A large portion of the data center operational effort is consumed in managing application health. This includes:
- Ensuring the end-user experience for distributed users with different types of performance needs
- Discovering the physical and virtual resources associated with applications and the user experience
- Detailed monitoring of resources and events in the infrastructure that affect application performance
These activities have become more complex as applications have become distributed, interconnected or cloud based because they cause applications to move, scale and evolve rapidly.
Splunk Enterprise can monitor and analyze millions of infrastructure events through logs and agents, in real-time. This can provide rapid visibility and isolation of infrastructure that affect application performance. Cisco has been collaborating with Splunk to combine the application visibility of Cisco Application Centric Infrastructure with operational analytics of Splunk Enterprise. The result is “Cisco ACI for Splunk Enterprise” a highly scalable application that is orderable immediately at Splunk.com.
ACI and Splunk have enabled a comprehensive view of application health with the ability to monitor the entire end-to-end environment in real time and proactively prevent issues from impacting end users.
ACI provides visibility to application health from the network perspective by tracking all network dependencies and events that impact application performance and security. Splunk complements Cisco ACI by bringing actionable intelligence across the entire data center infrastructure including storage, compute, virtualization endpoints, as well as application tiers and components provided by ACI. Splunk’s analytical and visualization tools provide real-time insights to data center teams to optimize performance and ensure security policies in a highly dynamic environment.
How does it work
Cisco ACI exposes a wealth of networking data previously inaccessible to Splunk.

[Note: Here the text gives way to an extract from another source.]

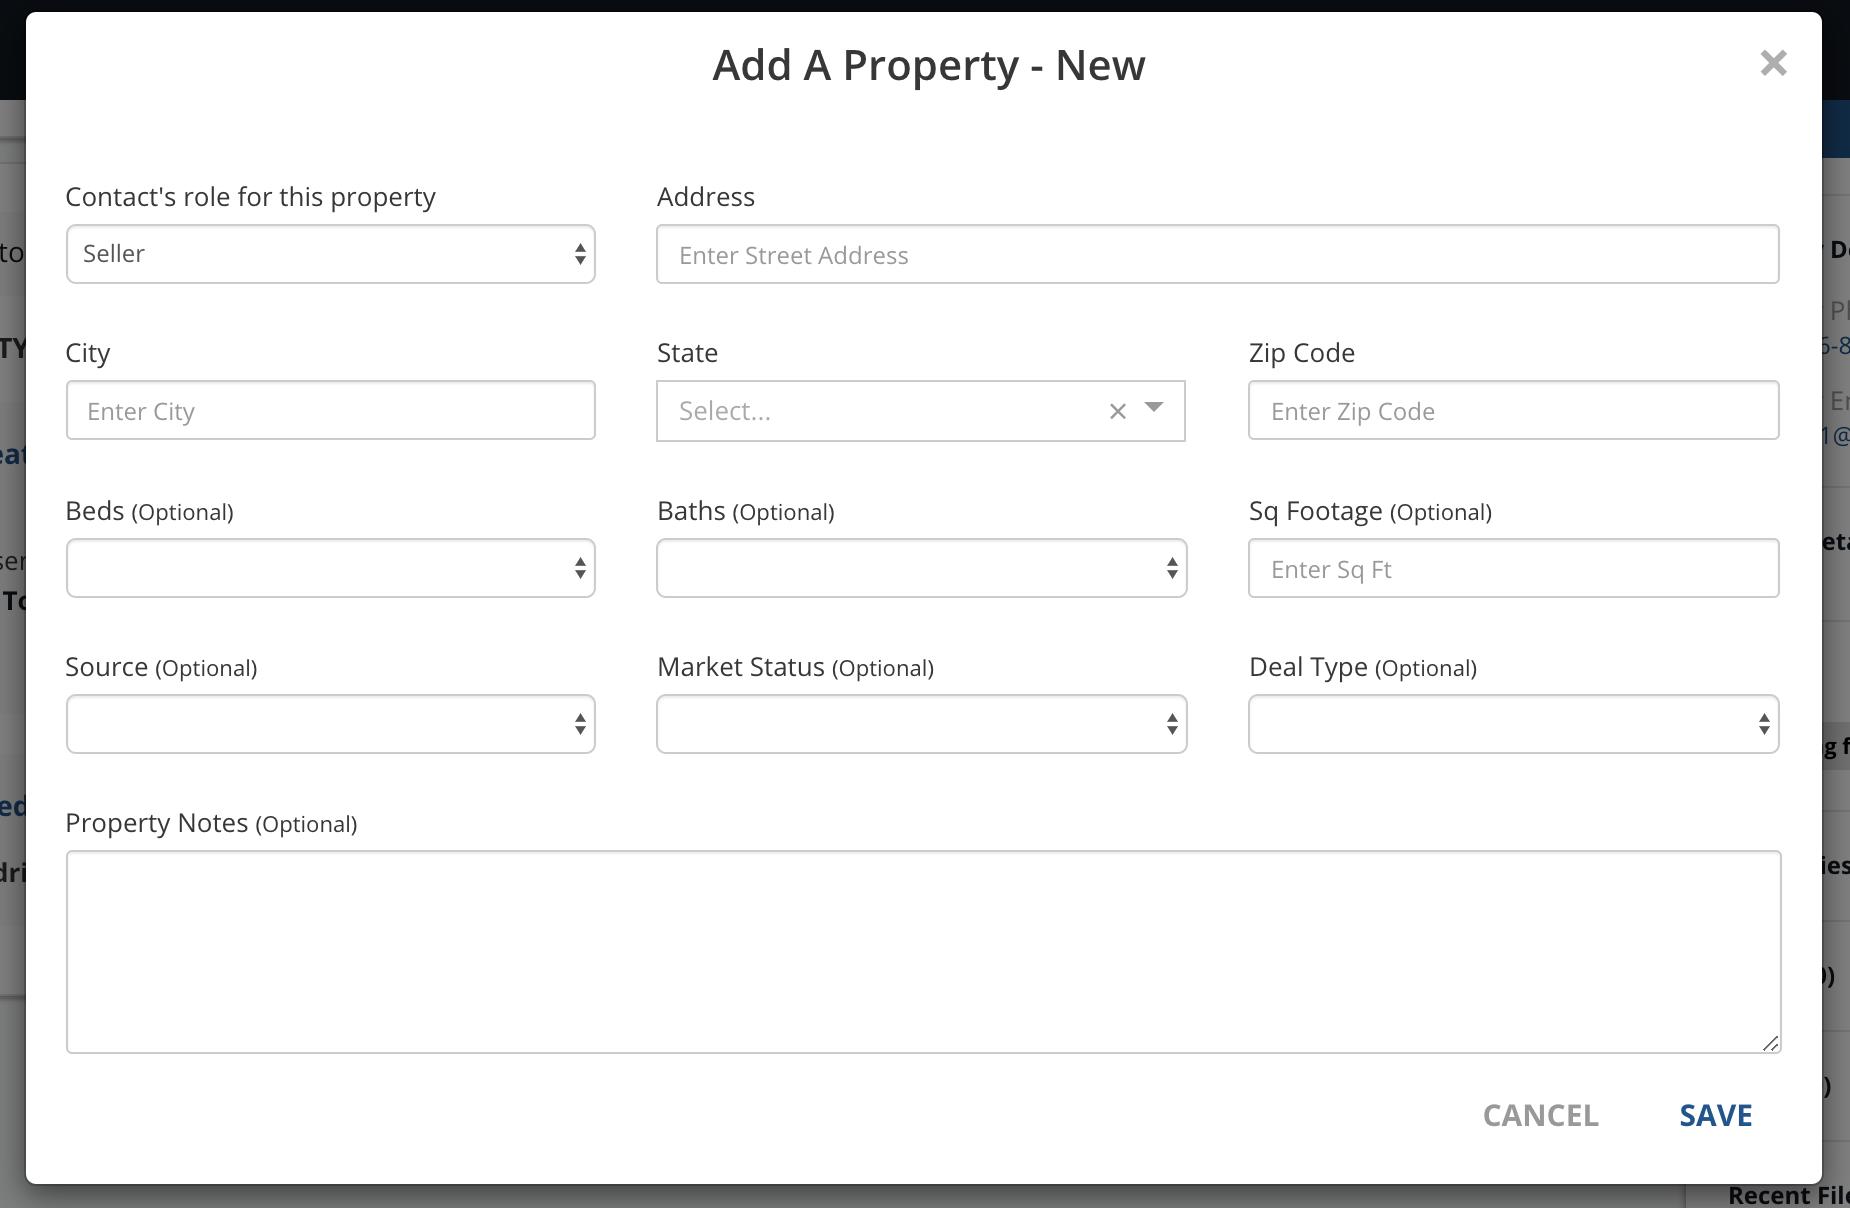 Add A Property New

The Cisco ACI app for Splunk Enterprise gathers data from APIC (Application Policy Infrastructure Controller) including APIC network events, health scores and inventory of logical constructs (e.g. tenants, application profiles, end point groups) and physical constructs ( e.g spines, leafs, VMs).
This data is used to:
- Reduce resolution time with accelerated root-cause analysis
- Splunk enables users to reduce the mean time to investigate/resolve problems up to 70%
- Centralized management of operational health of ACI environment & underlying entities in real-time
- Detect issues or anomalies in performance or response times and proactively resolve
- For multiple tenants, quickly navigate to the source of problems using flexible per-role views, including 1) Help Desk view, 2) Tenant View and 3) Fabric view
- Provide Central Proactive Monitoring of Cisco ACI
- Get real-time proactive notification of network traffic and device faults with location, affected objects.
- Track trends and anticipate application impact
- Operational Analytics across the entire virtual and physical infrastructure
- Optimize network capacity and prevent service deterioration with detailed visibility into fabric path degradation.
- Meet compliance/security with user analytics, including authentication tracking reports.
- Correlate data from Cisco ACI with data from storage resources, operating systems, applications, security devices, endpoint and more for enterprise-wide visibility.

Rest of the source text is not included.